That story is not unusual. Partnership disputes about carry allocation — where informal understandings made at formation are no longer remembered the same way when significant money is about to move — are among the most expensive governance failures in private real estate. They surface not at the beginning, when everyone is optimistic and collaborative, but at the moment of exit, when the proceeds are real and the divergence in expectations becomes financially consequential.
The promote allocation problem is, at its core, a documentation problem. But it is also a design problem, because even sponsors who intend to document the arrangement often discover that they did not think carefully enough about what the allocation is supposed to reward, how it connects to the external waterfall that generates the carry in the first place, or what happens when the team grows, roles shift, or someone leaves. This post addresses all three dimensions: what promote actually represents, how to design an allocation that reflects the work that creates it, and how to document the arrangement in a way that survives the passage of time and the pressure of a profitable exit.
What Promote Is and How It Is Actually Generated
Promote as a Profits Interest, Not a Right to Be Present at Closing
Promote — commonly called carried interest in private fund and real estate language — is the GP’s performance-based share of the investment’s upside. It is distinct from the management fee, which compensates the advisory platform for ongoing operations regardless of outcome, and from the GP’s pro rata return on any capital it personally invested. For tax and structuring purposes, promote received in connection with services is typically treated as a profits interest: an interest in the future appreciation of the partnership, not in existing value at the time of issuance. That tax treatment is part of why promote is designed the way it is, and why the internal allocation of carry among GP principals has both economic and tax dimensions that need to be addressed deliberately.
What promote is not is a participation right that accrues simply by holding a title or an equity interest in the GP entity at the time the deal closes. Carry is generated through investment performance, and the people who created that performance — who sourced the deal, underwrote it, negotiated the financing, closed it, managed the business plan through the hold, and executed the exit — are the ones who created the profit pool that the promote represents. An internal allocation that ignores those contributions in favor of organizational hierarchy or founding-group membership will, over time, produce exactly the misalignment it was supposed to prevent.
How Promote Is Generated Through the Waterfall
Promote is not earned at closing. It is generated through the distribution waterfall, which sequences how proceeds flow from the investment back to investors and the sponsor. A typical real estate fund waterfall first returns all invested capital to the limited partners, then satisfies a preferred return or hurdle rate, may include a catch-up tier that allows the GP to recover its share of returns up to the hurdle level at an accelerated rate, and then allocates the remaining profits between the LPs and the GP at the agreed promoted split — commonly 80/20 in favor of the LPs.

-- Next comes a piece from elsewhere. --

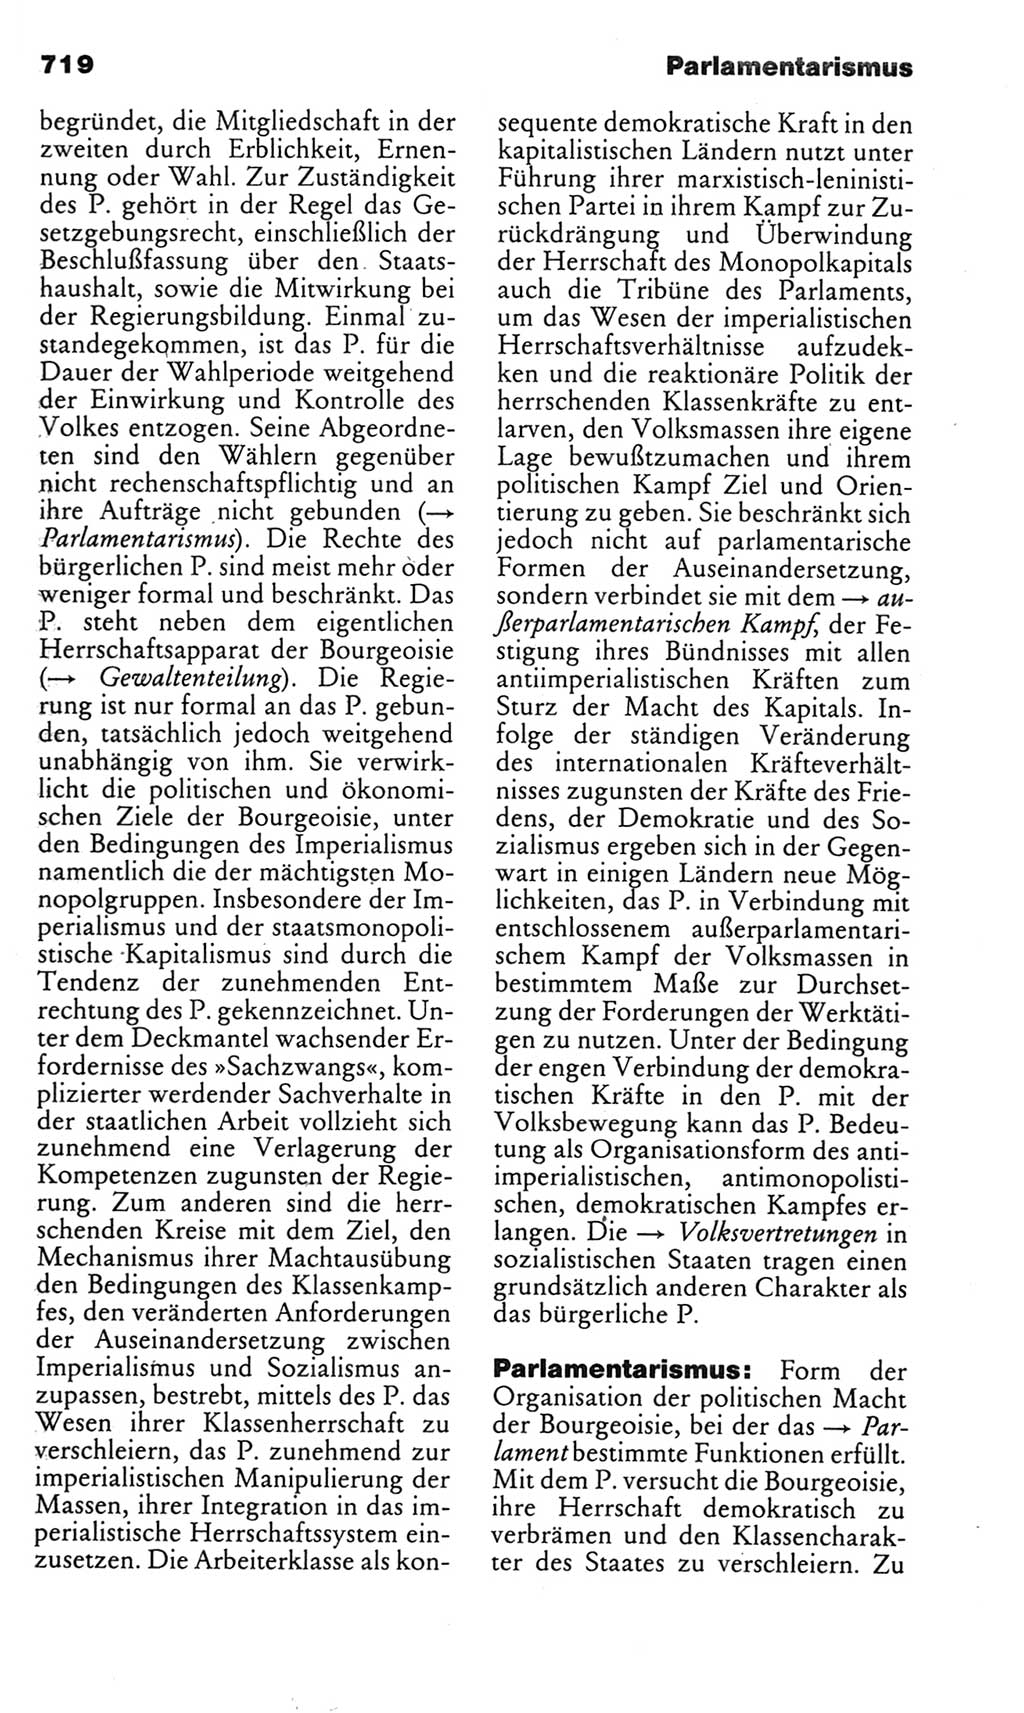 Kleines politisches Wörterbuch [Deutsche Demokratische Republik (DDR)] 1985, Seite 719 (Kl. pol. Wb. DDR 1985, S. 719)

The distinction between American-style (deal-by-deal) and European-style (whole-of-fund) waterfalls is relevant here because it affects both when carry is received and the clawback risk that attaches to early distributions. Under an American-style waterfall, the GP may earn carry on a deal-by-deal basis, which means carry can be distributed before the LP has recovered all invested capital across the full portfolio. That earlier distribution reduces the GP’s need to wait for carry but creates clawback risk: if later investments underperform, the GP may owe back carry already received. A 2024 survey by Paul Weiss found that nearly 64% of funds now provide interim clawback provisions, reflecting LP pressure to address exactly this exposure in deal-by-deal structures. Under a European-style waterfall, the GP typically earns carry only after LPs receive all capital plus the preferred return, which largely eliminates interim clawback risk but defers carry realization significantly.

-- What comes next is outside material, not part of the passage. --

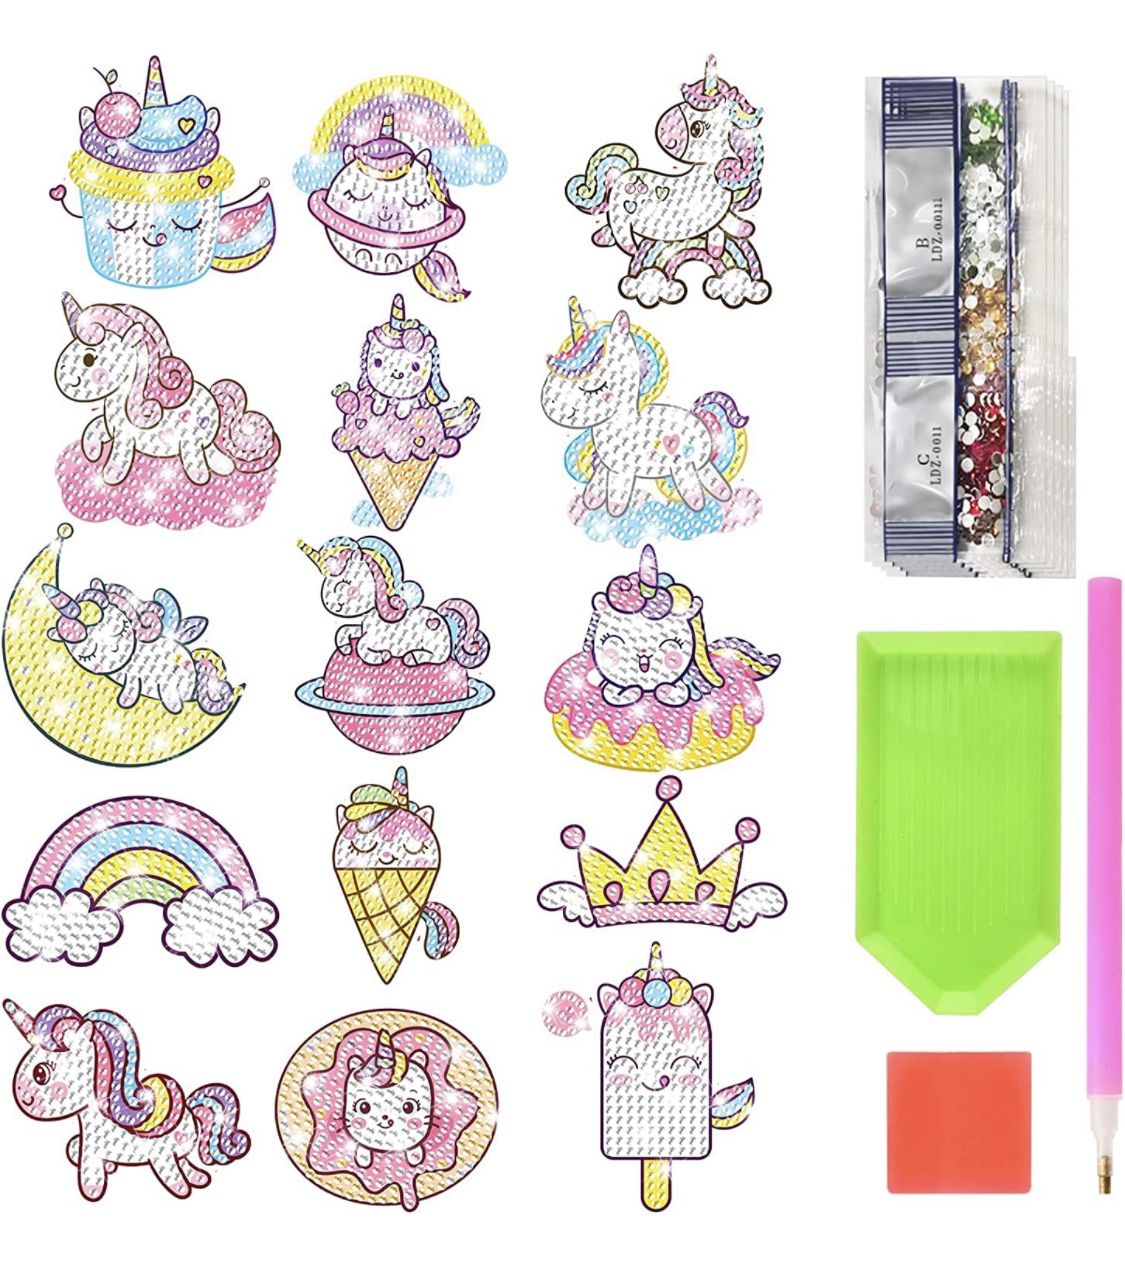 New: Unicorn Diamond Stickers Painting Kits (15pcs)

This external waterfall structure matters for internal GP economics because the internal promote split should reward the people who actually got the investment across the thresholds the waterfall sets. If the sponsor only receives real economics after capital is returned and performance hurdles are met, then the internal allocation that rewards deal originators, business-plan executors, exit strategists, and clawback absorbers should reflect the full path that was required to earn the carry — not just the first step of that path.

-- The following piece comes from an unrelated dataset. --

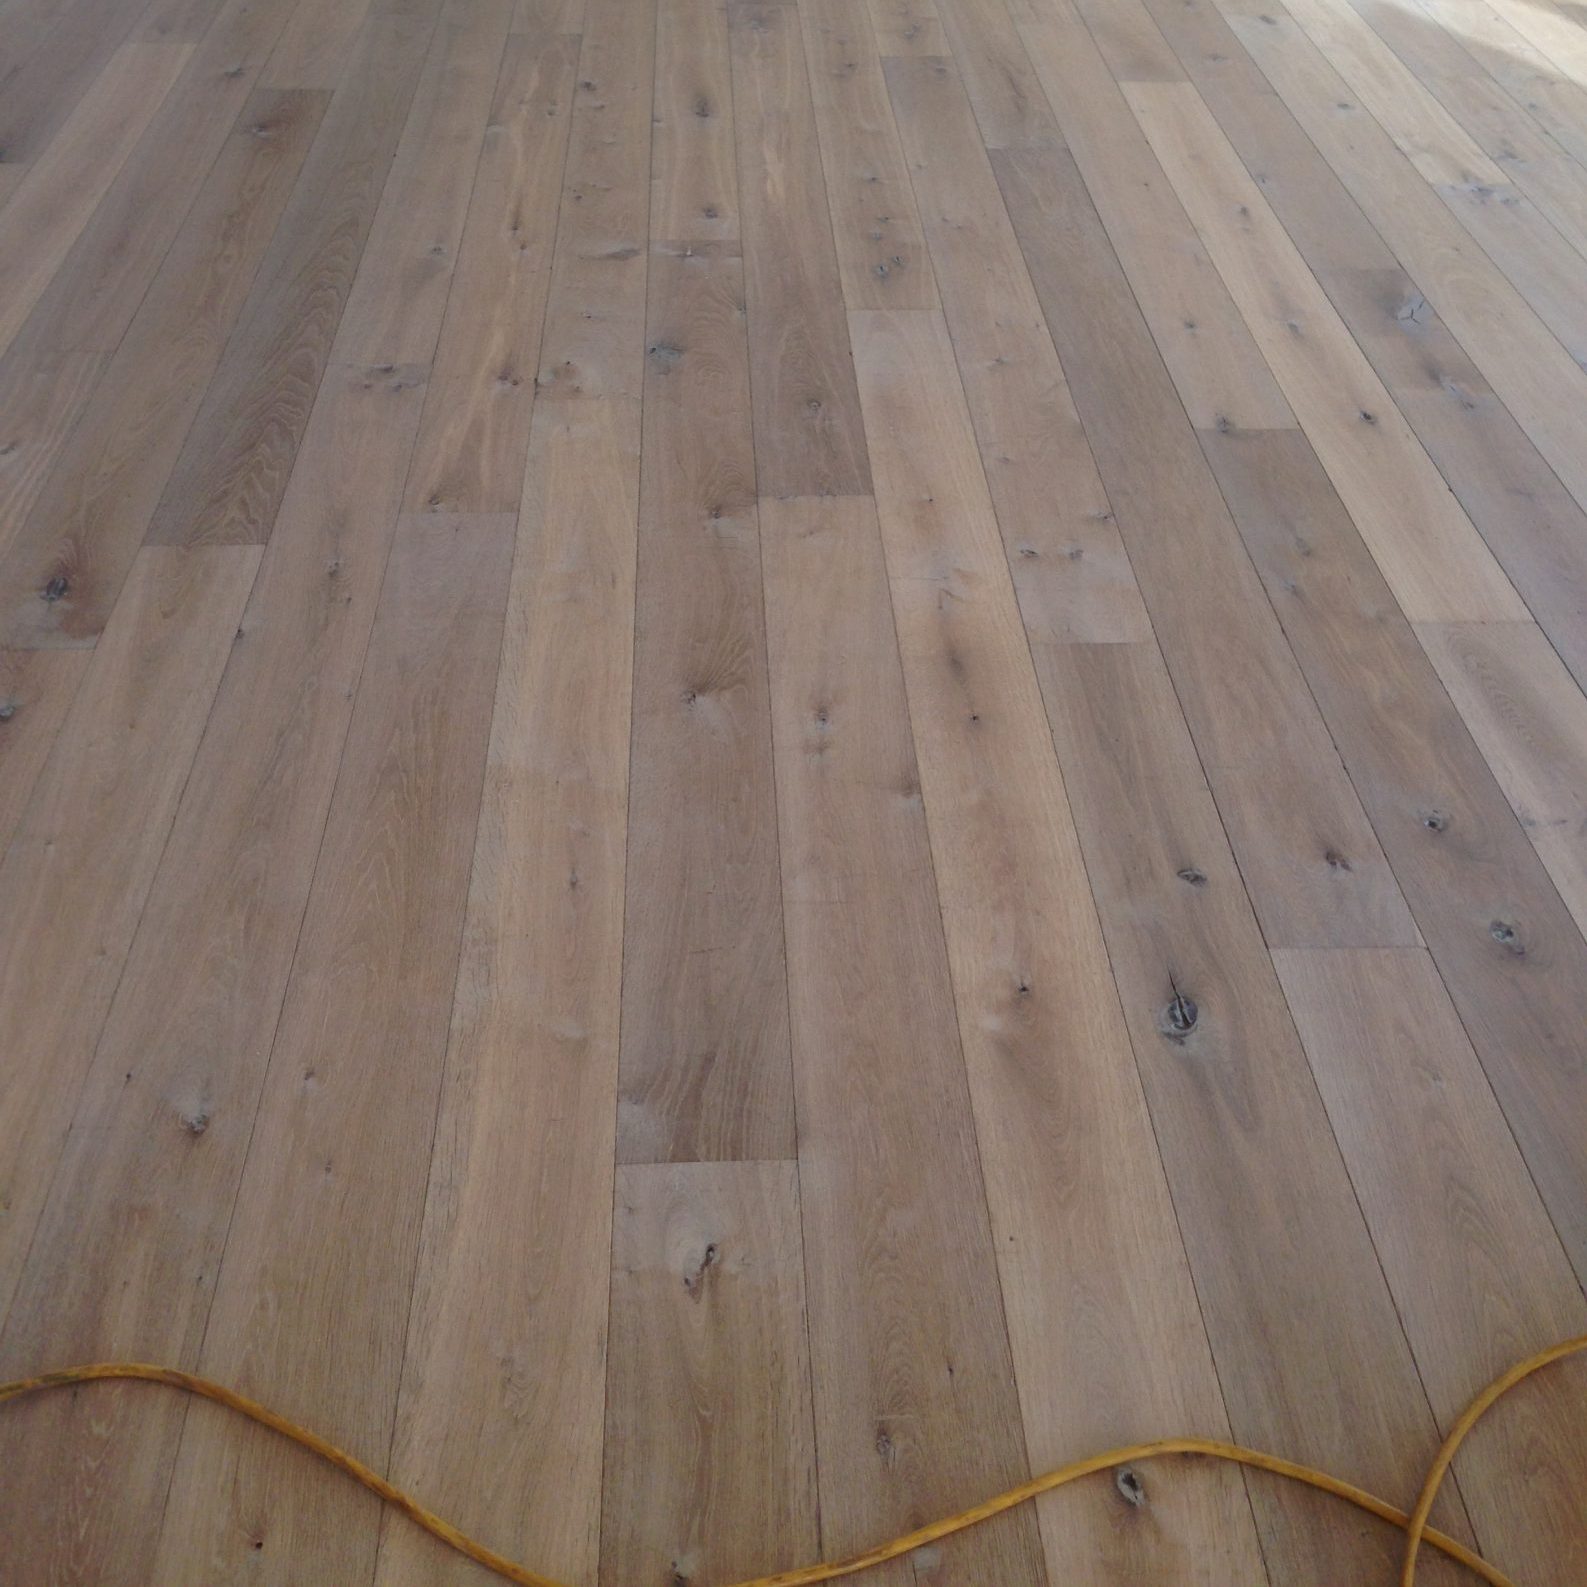 ab wood expert heerlen kerkrade brunssum parkstad vloerenspecialist-houten vloeren

| 📌 The Hard Hurdle vs. Soft Hurdle Distinction: Why It Affects Internal Economics A hard hurdle means the GP earns carry only on profits above the LPs’ preferred return threshold. If the preferred return is 8%, the GP earns carry only on returns above 8%, not on the entire return stack. A soft hurdle means the GP earns carry on the entire return once the hurdle is cleared, subject to a catch-up provision. In a catch-up structure, after the LP reaches the preferred return threshold, the GP receives 100% of the next distributions until it catches up to its carry percentage, then the split reverts to the agreed ratio. ILPA Principles 3.0 recommends hard hurdles as more aligned with LP interests precisely because the GP earns carry only on the incremental value created above the threshold. Catch-up mechanics can materially change how much carry the GP receives and how quickly it is received. For internal GP economics, the distinction matters because a 20% internal share of carry in a hard-hurdle structure is a different economic outcome than a 20% share in a soft-hurdle structure with a full catch-up. Same percentage on paper. Different amounts of money in practice. The internal allocation discussion should happen with the specific external waterfall mechanics in view, not as an abstract percentage conversation. |
What the Internal Promote Allocation Should Actually Reward
The hardest part of allocating promote among GP principals is not picking a percentage. It is deciding what the percentage is supposed to reward. That prior question determines whether the allocation is durable — whether it will still feel fair when the carry is real and the contributions of each principal are visible in hindsight — or whether it was simply the path of least resistance at formation.
Sourcing, Origination, and the Front End of the Deal
Deals do not appear without effort. Someone identified the opportunity, developed the relationship with the seller or broker, negotiated the letter of intent, and brought the acquisition to the table. In many sponsor platforms, this origination function is concentrated in one or two principals, and those principals often feel strongly — sometimes correctly — that they deserve disproportionate carry because without their sourcing, the deal would not exist.
That instinct is not wrong, but it is incomplete. Origination is one phase of a multi-phase process, and a promote allocation that over-weights origination relative to everything that follows can quietly create a platform that pays the people who find deals and underpays the people who deliver the returns those deals were supposed to produce. The person who kept an underperforming asset from becoming a total loss through three years of lender negotiation, vendor management, and leasing execution deserves recognition in the carry that is just as real as the person who identified the asset.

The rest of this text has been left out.